▸ **Exercise objective**
Copy, pictures aside: the lines below from the one that holds "X-FORCE #2 MARVEL" through the final line of the listing, both ends included, exactly as they are and nothing else.

▸ **Supplied material**

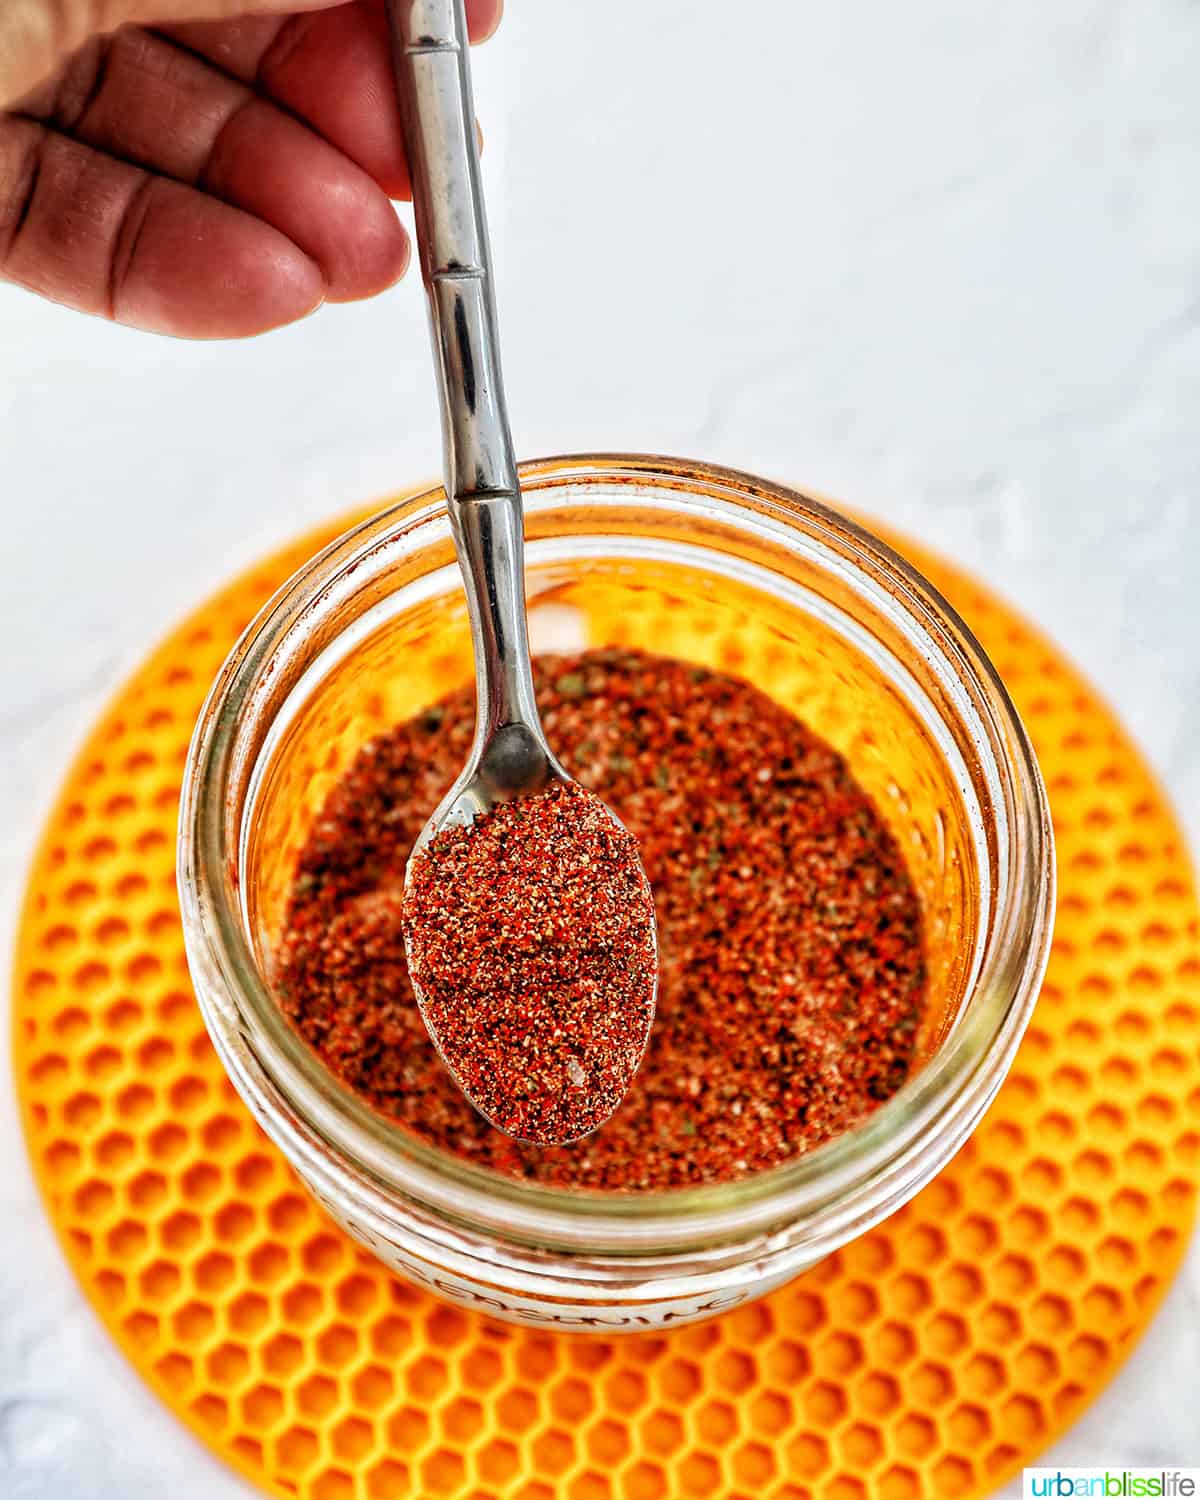 hand holding a spoon in a jar of homemade taco seasoning on a yellow mat.
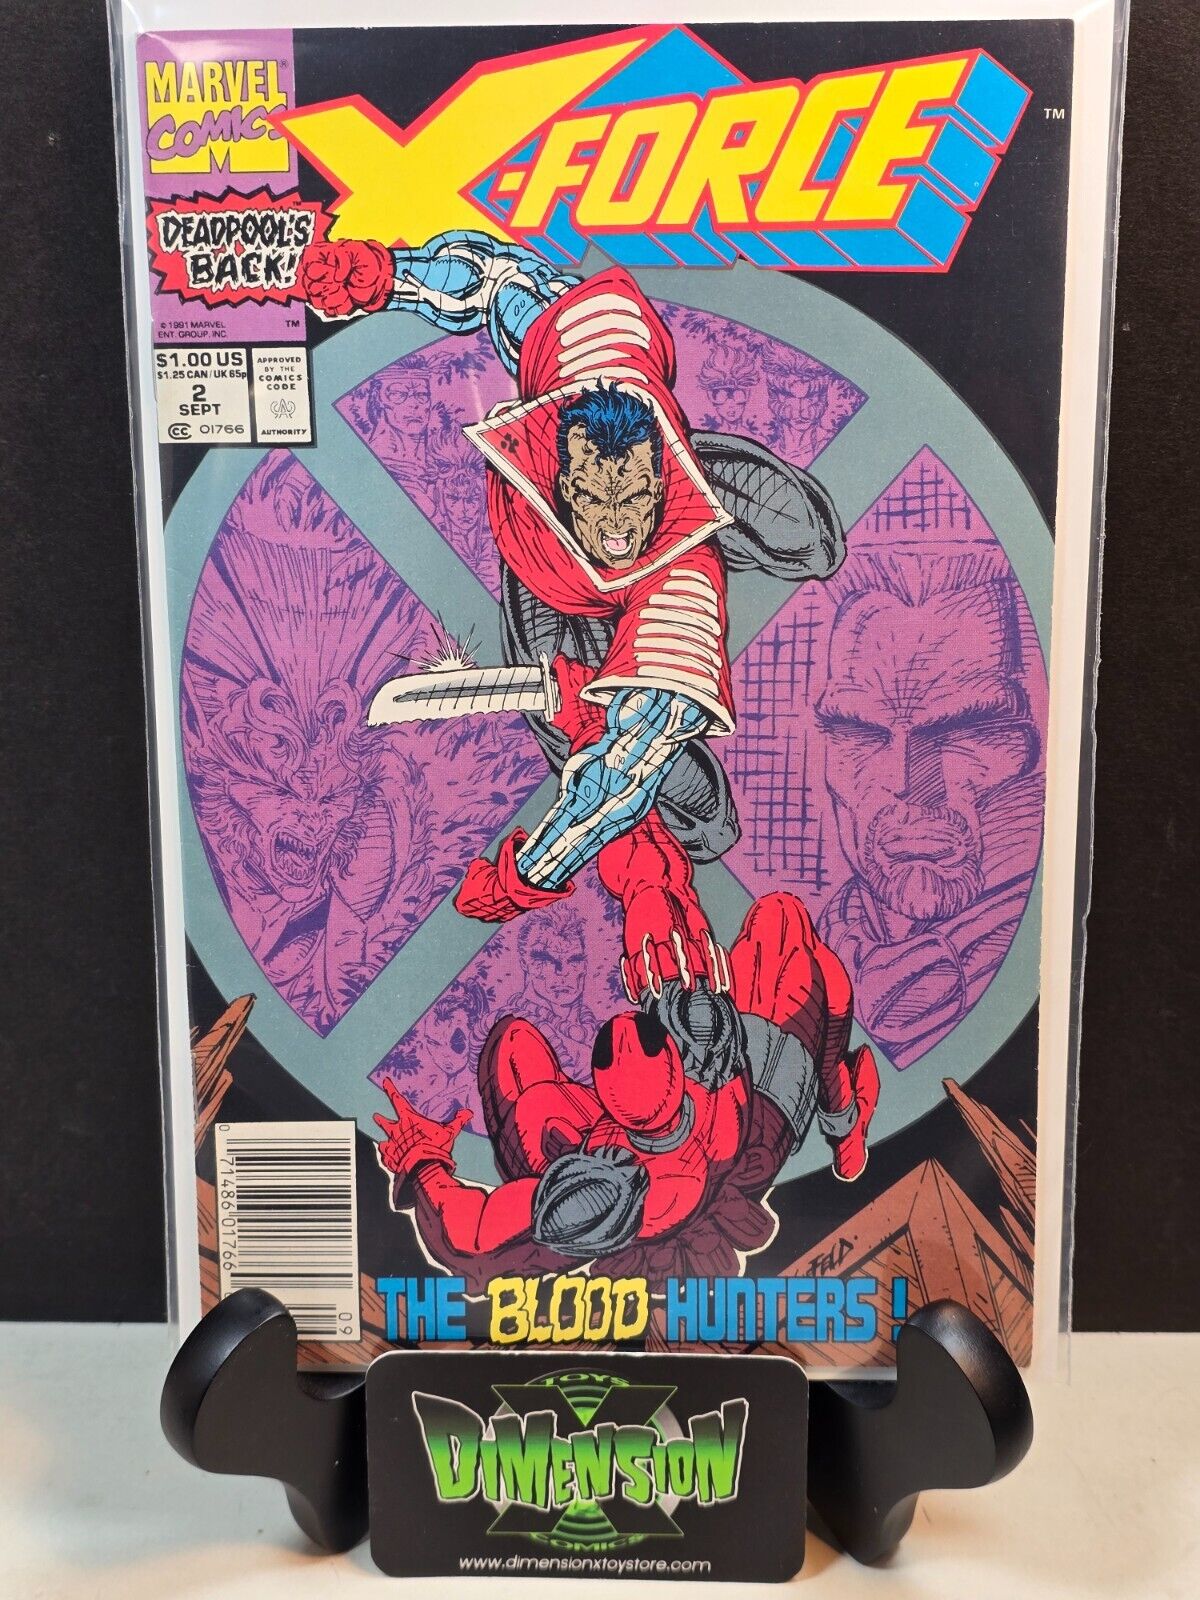 X-FORCE #2 MARVEL COMICS 1991 KEY ISSUE DEADPOOL 2ND APPEARANCE VF NEWSTAND
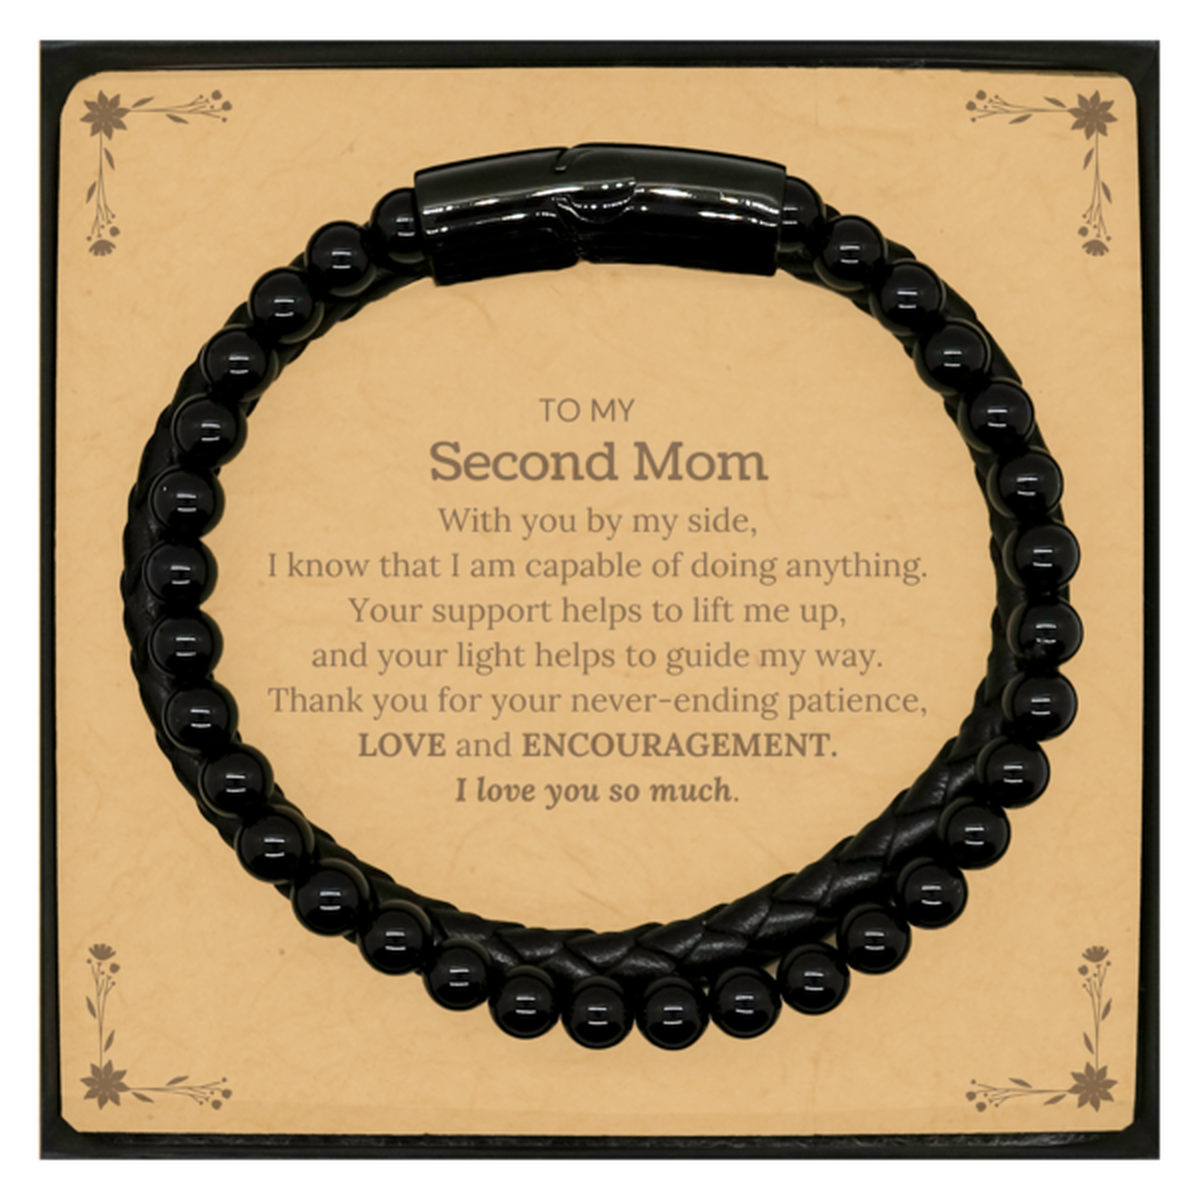 Appreciation Second Mom Stone Leather Bracelets Gifts, To My Second Mom Birthday Christmas Wedding Keepsake Gifts for Second Mom With you by my side, I know that I am capable of doing anything. I love you so much

▸ **Response to this exercise**
 X-FORCE #2 MARVEL COMICS 1991 KEY ISSUE DEADPOOL 2ND APPEARANCE VF NEWSTAND
 Appreciation Second Mom Stone Leather Bracelets Gifts, To My Second Mom Birthday Christmas Wedding Keepsake Gifts for Second Mom With you by my side, I know that I am capable of doing anything. I love you so much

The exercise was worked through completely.